Jugheli et autres c. Géorgie |2017

Arrêt historique en faveur d’habitants de Tbilissi ayant subi la pollution d’une centrale électrique

Vivre dans un environnement sain est une condition essentielle pour jouir librement de sa vie.

Porte-parole de l’Association des jeunes avocats de Géorgie (GYLA), dont les avocats, conjointement avec ceux du Centre européen de défense des droits de l'homme (EHRAC), représentaient les requérants

Contexte

Les résidents d’un immeuble du centre de Tbilissi ont commencé à se plaindre aux autorités locales au sujet de fumées toxiques émanant d’une centrale thermique située à seulement quelques mètres de leur domicile. 

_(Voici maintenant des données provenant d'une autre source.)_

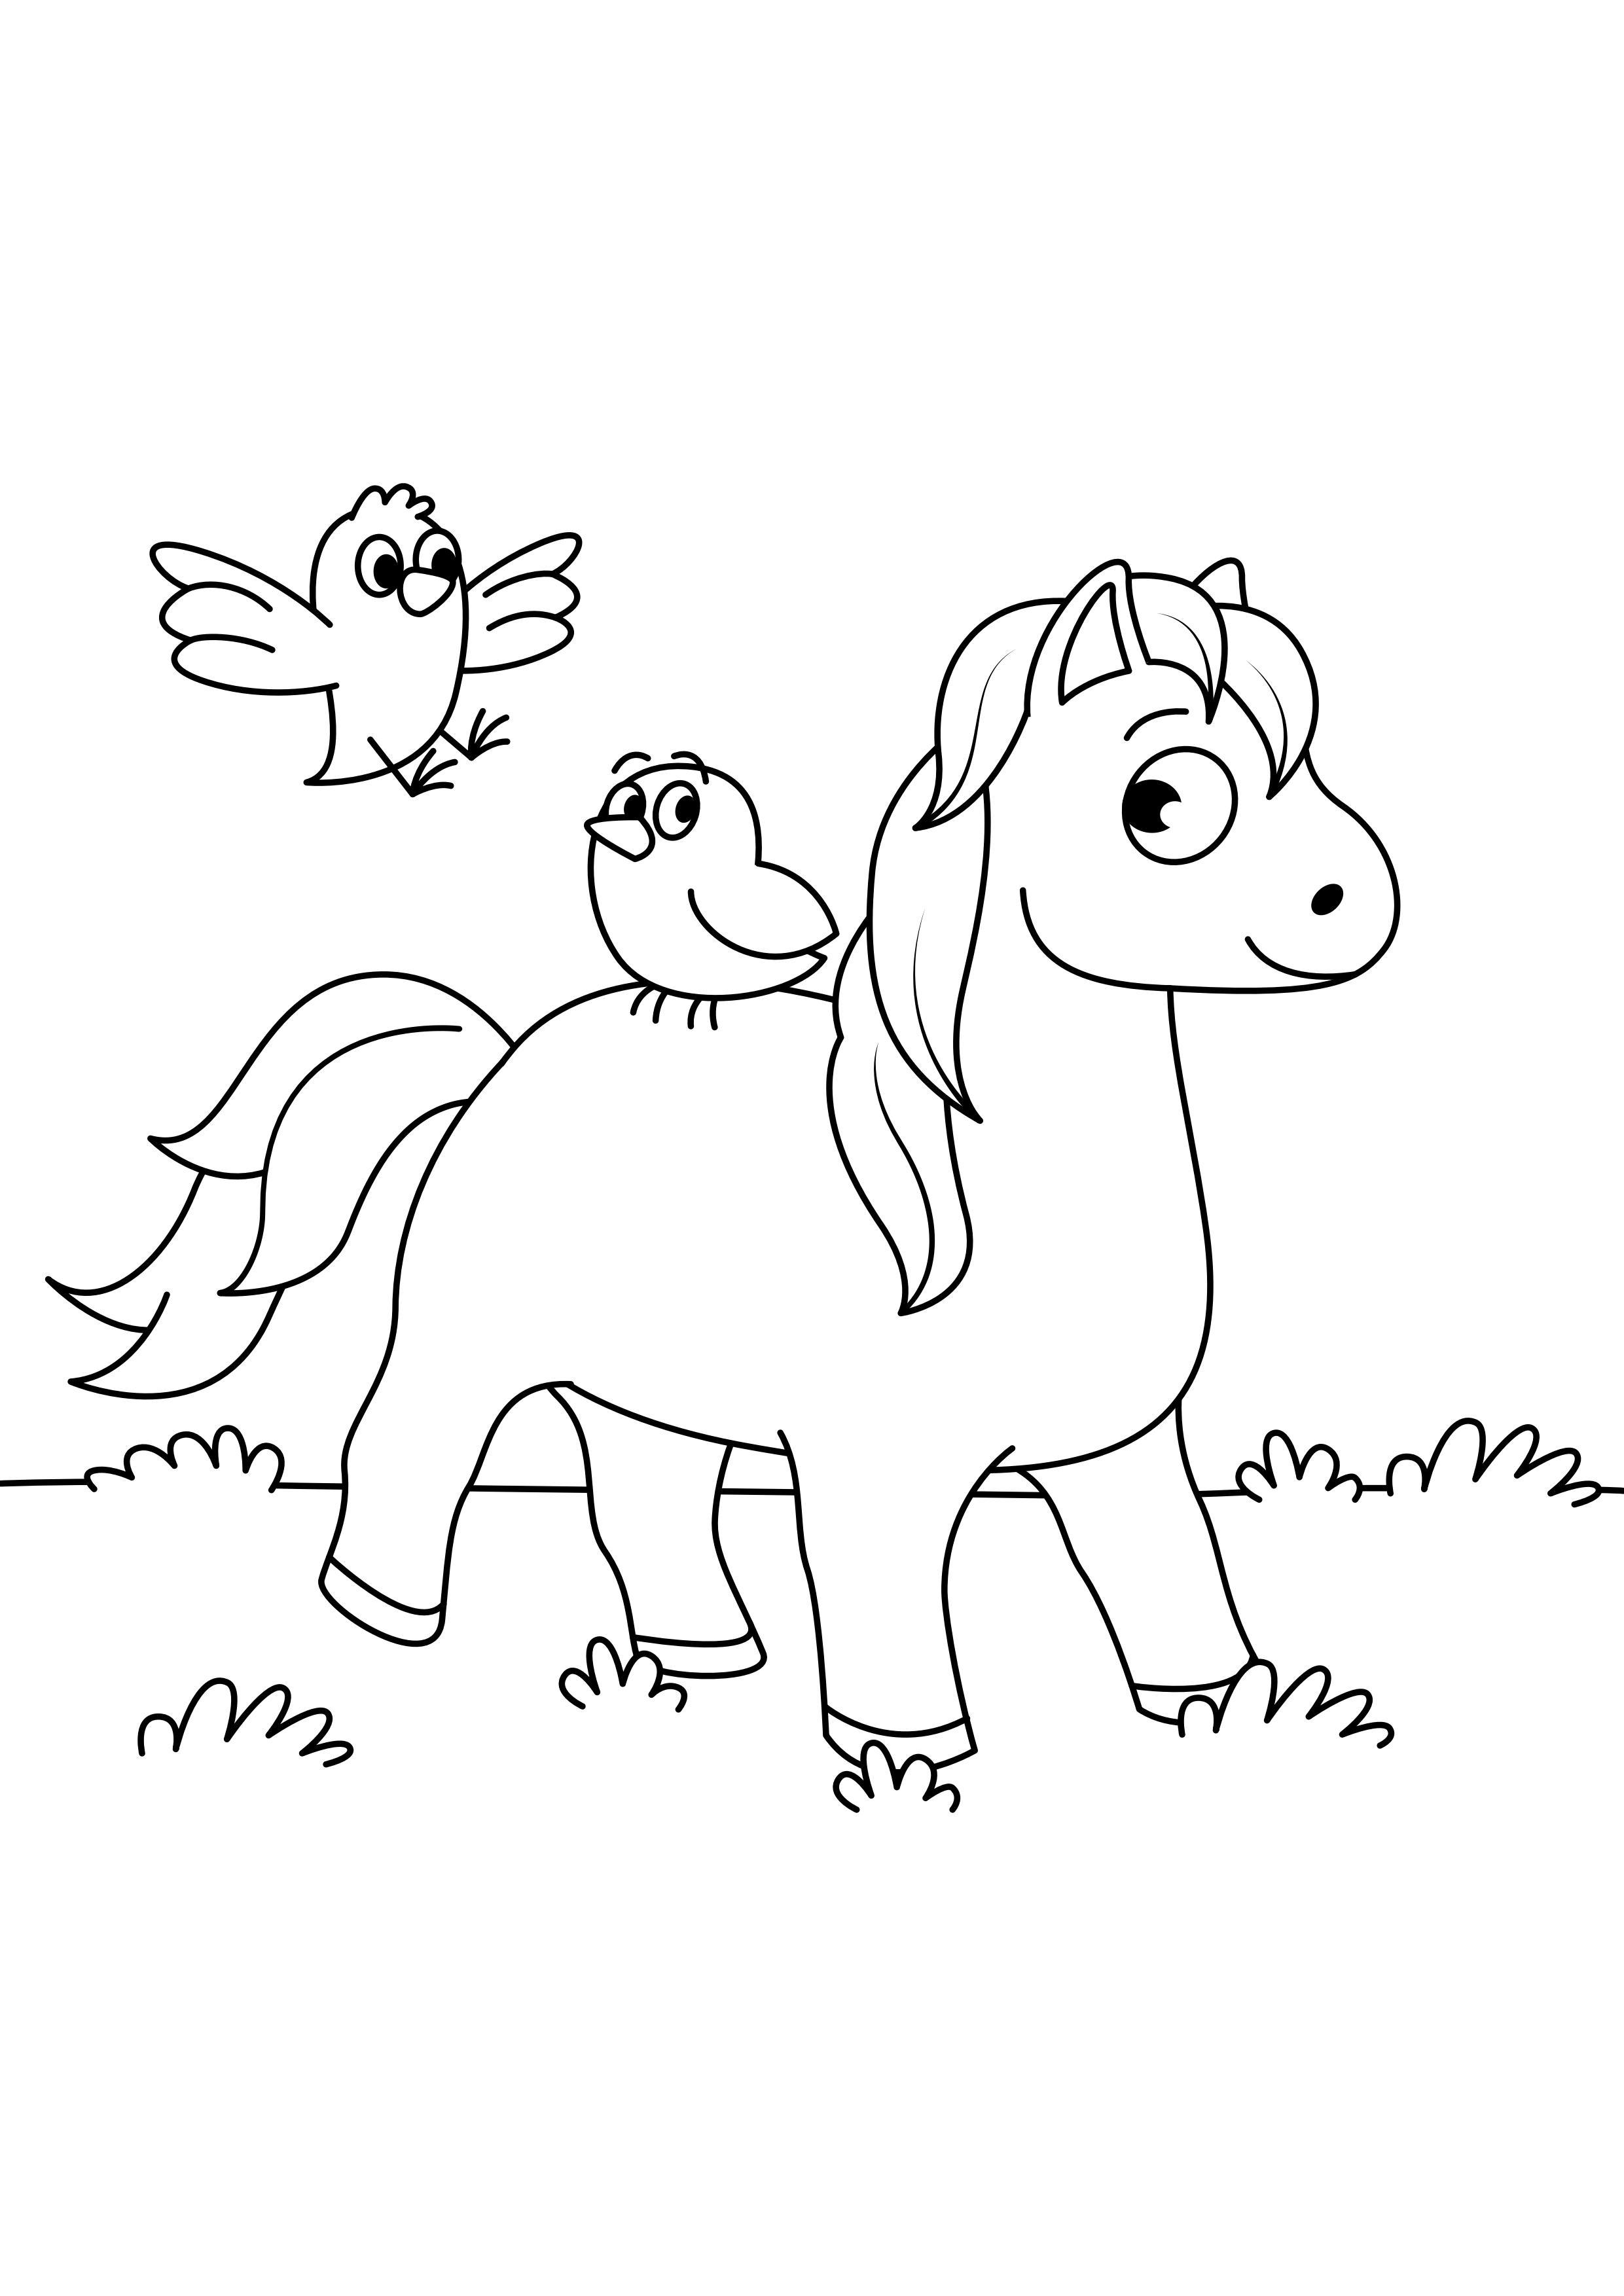 Dibujo para colorear caballo con pÃ¡jaros

Ivane Jugheli, Otar Gureshidze et Liana Alavidze figurent parmi les personnes affectées par les activités de la centrale, qui, à l’époque, n’étaient pas soumises aux normes environnementales.

La mairie de Tbilissi a demandé à la centrale d’installer des filtres sur ses cheminées afin de réduire la pollution atmosphérique, mais cette demande a été ignorée. 

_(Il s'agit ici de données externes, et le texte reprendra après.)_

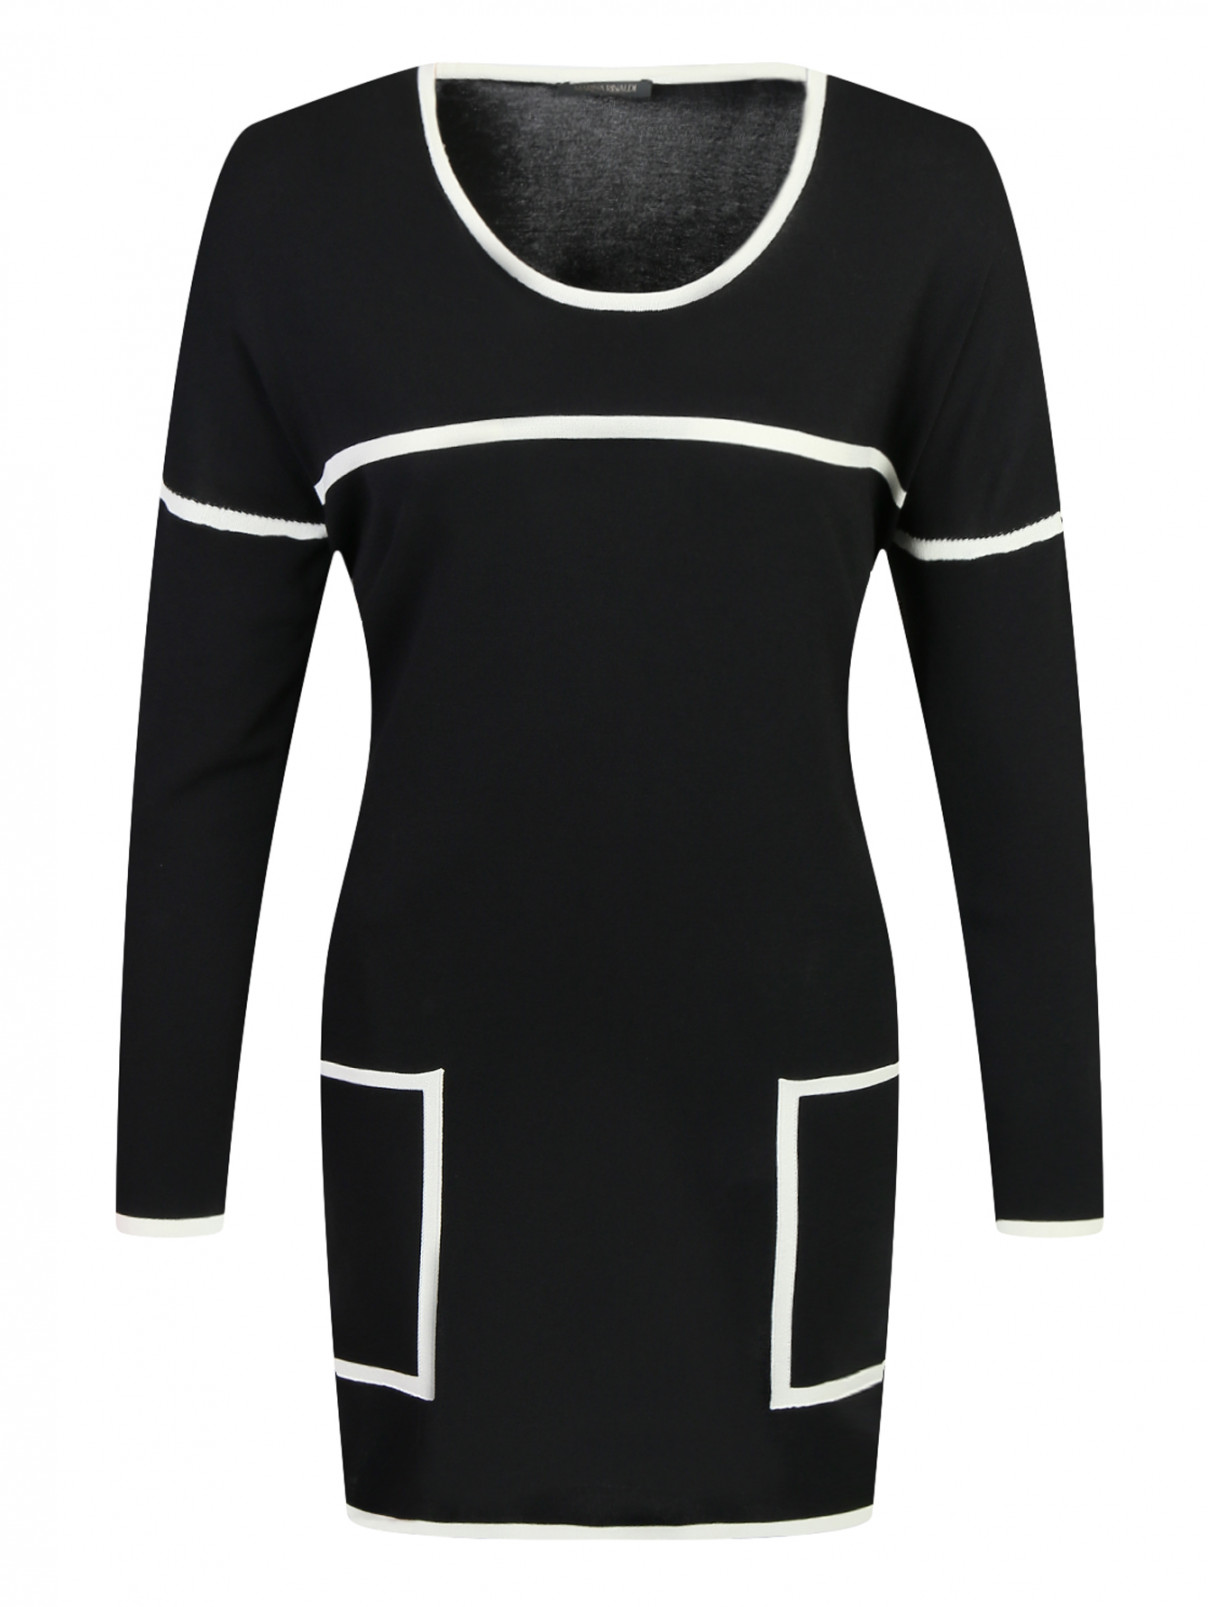 Джемпер с контрастной отделкой и накладными карманами Marina Rinaldi  –  Общий вид  – Цвет:  Черный

Les résidents ont décidé d’engager une procédure juridique contre la centrale et les autorités, demandant une indemnisation pour le préjudice entraîné pour leur santé et leur bien-être.

Des experts mandatés par un tribunal de Tbilissi pour évaluer la pollution environnementale provoquée par la centrale ont découvert qu’un « vaste bouquet d’émissions » parvenait jusqu’aux domiciles des résidents. 

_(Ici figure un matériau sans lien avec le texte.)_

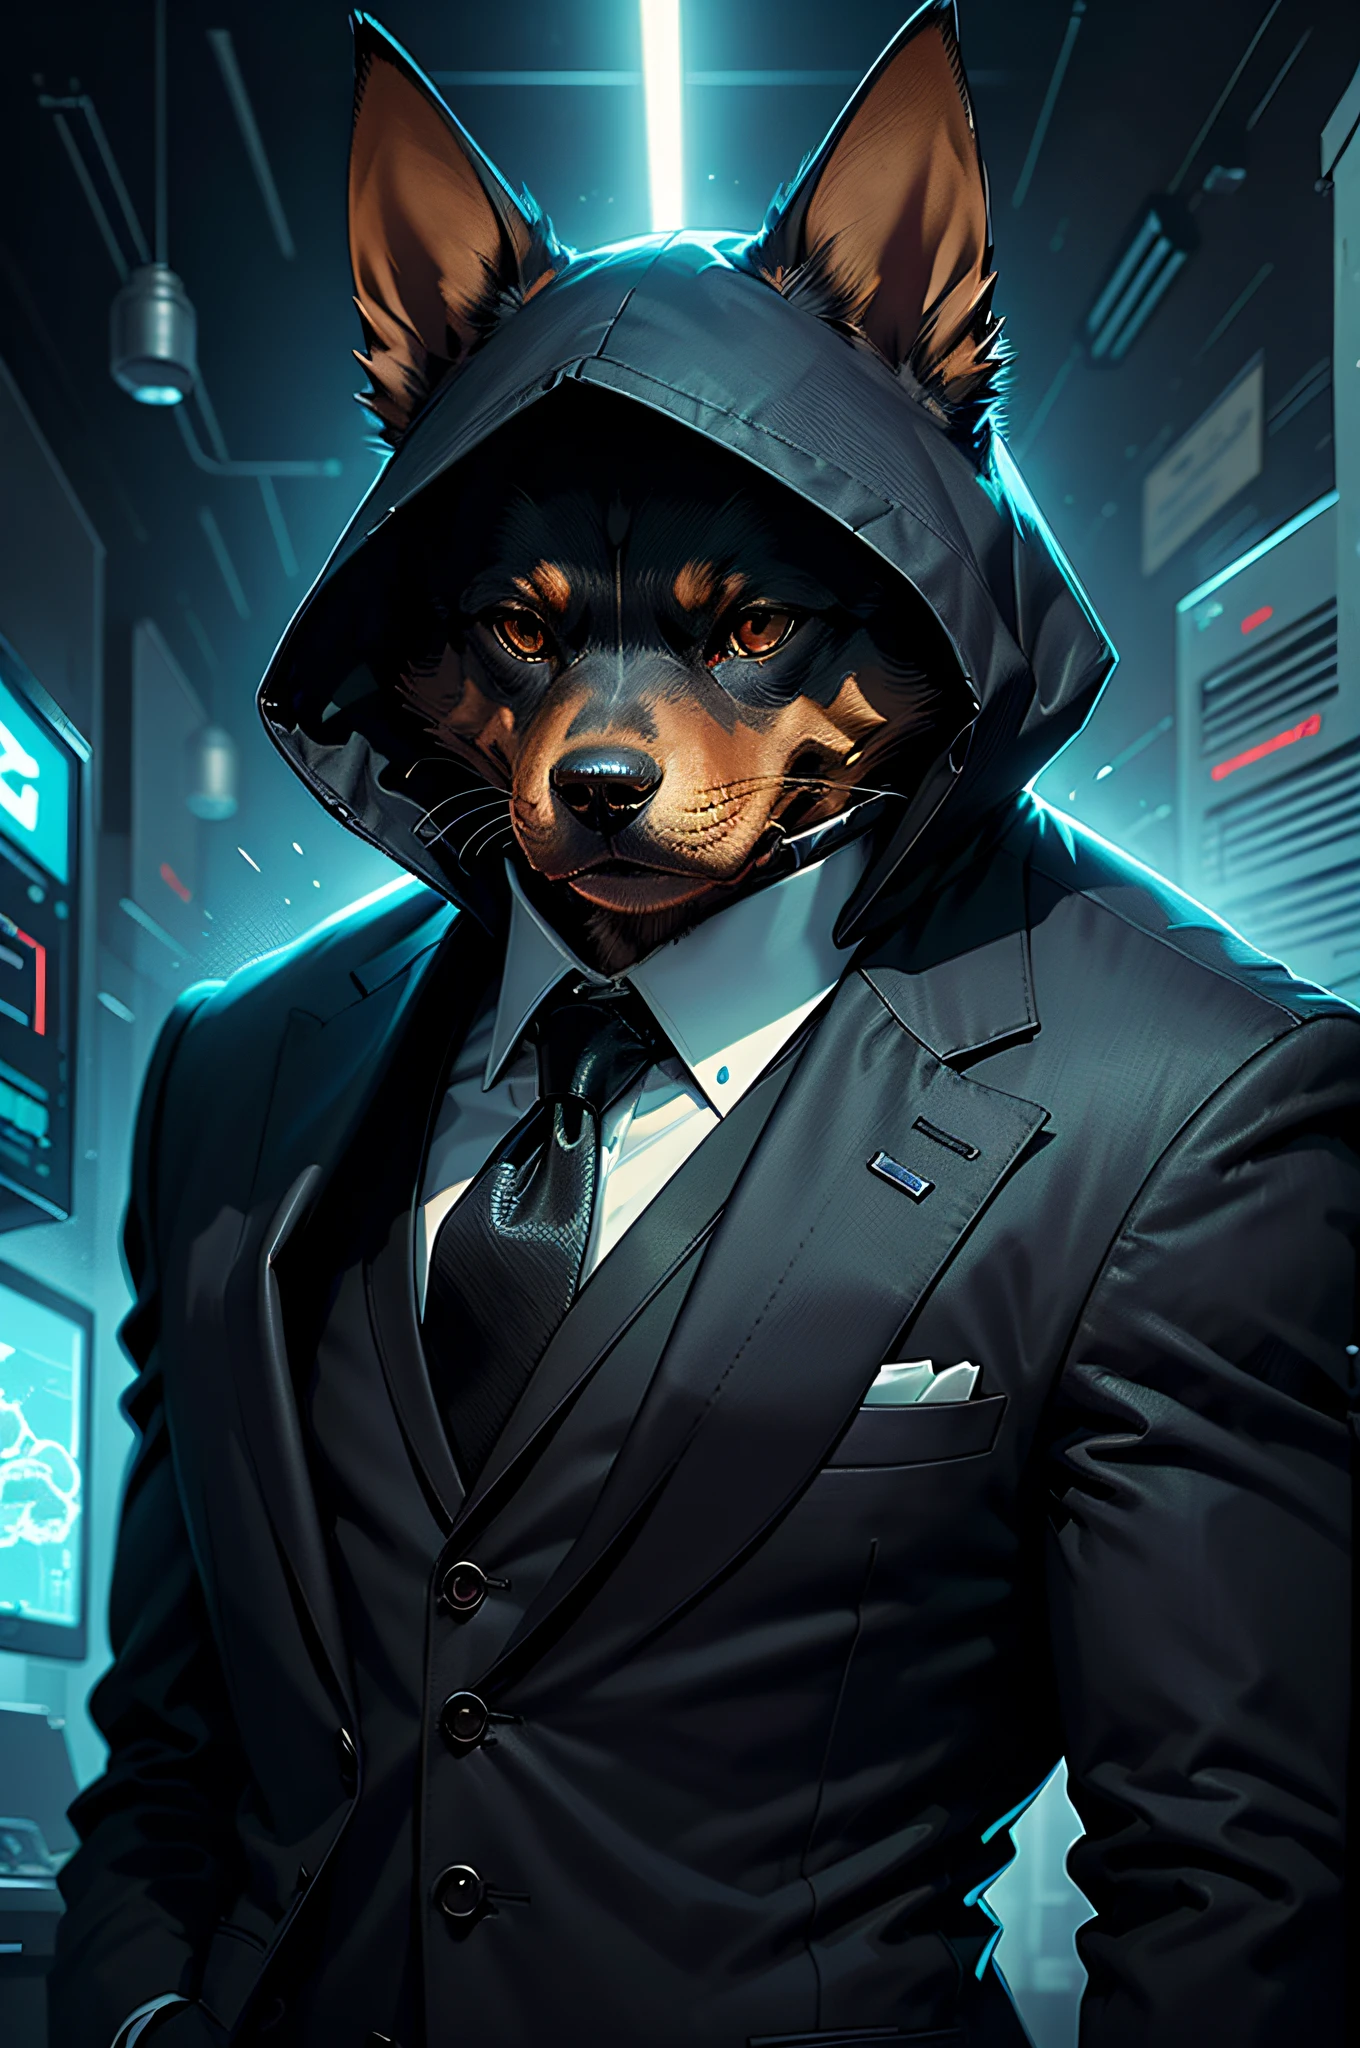 (검은 양복과 넥타이를 입은 남자)만화책、의인화된 도베르만 개、사이버 펑크

Il n’y avait pas de zone tampon entre la centrale et l’immeuble. L’absence de filtres sur les cheminées augmentait le risque pour les résidents, dont il a été constaté qu’ils souffraient de problèmes de santé similaires. Les médecins pensaient que leurs pathologies pouvaient avoir été engendrées par les fumées. 

Les tribunaux géorgiens n’ont pas été convaincus par ces éléments, et les recours d’Ivane, Otar et Liana ont été rejetés. 

Arrêt de la Cour européenne des droits de l’homme

La Cour a conclu que l’absence de normes environnementales entraînait que la centrale électrique pouvait poursuivre des activités potentiellement dangereuses sans protection permettant d’éviter ou de réduire la pollution atmosphérique et son impact pour la santé et le bien-être d’Otar et Liana. 

Cette situation, conjuguée avec la « passivité » du Gouvernement géorgien vis-à-vis de la pollution émanant de la centrale, constituait une violation de leurs droits. 

Ivane Jugheli est hélas décédé en 2016, avant que la Cour européenne ne rende son arrêt. 

… un vide juridique entourait de fait de telles activités industrielles dangereuses au moment des faits.

Arrêt de la Cour européenne des droits de l’homme, juillet 2017

Suites 

Après l’arrêt de la Cour, la Géorgie a pris des mesures pour améliorer les protections environnementales, notamment en modifiant la législation: 

  • Un amendement de 2017 à la loi sur la protection de l’environnement a introduit l’obligation d’une évaluation environnementale et défini la procédure correspondante. 
  • Un Code de l’évaluation environnementale a également été adopté en 2017, exigeant des organes privés et publics qu’ils réalisent des évaluations de l’impact environnemental de leurs activités et projets. Le nouveau code prévoit un accès public aux informations pertinentes, une participation à la prise de décision et des examens publics réguliers. 
  • De nouvelles règles sur les normes de qualité de l’air ont été introduites en 2018.

Le Gouvernement géorgien a confirmé que la centrale n’était plus en activité.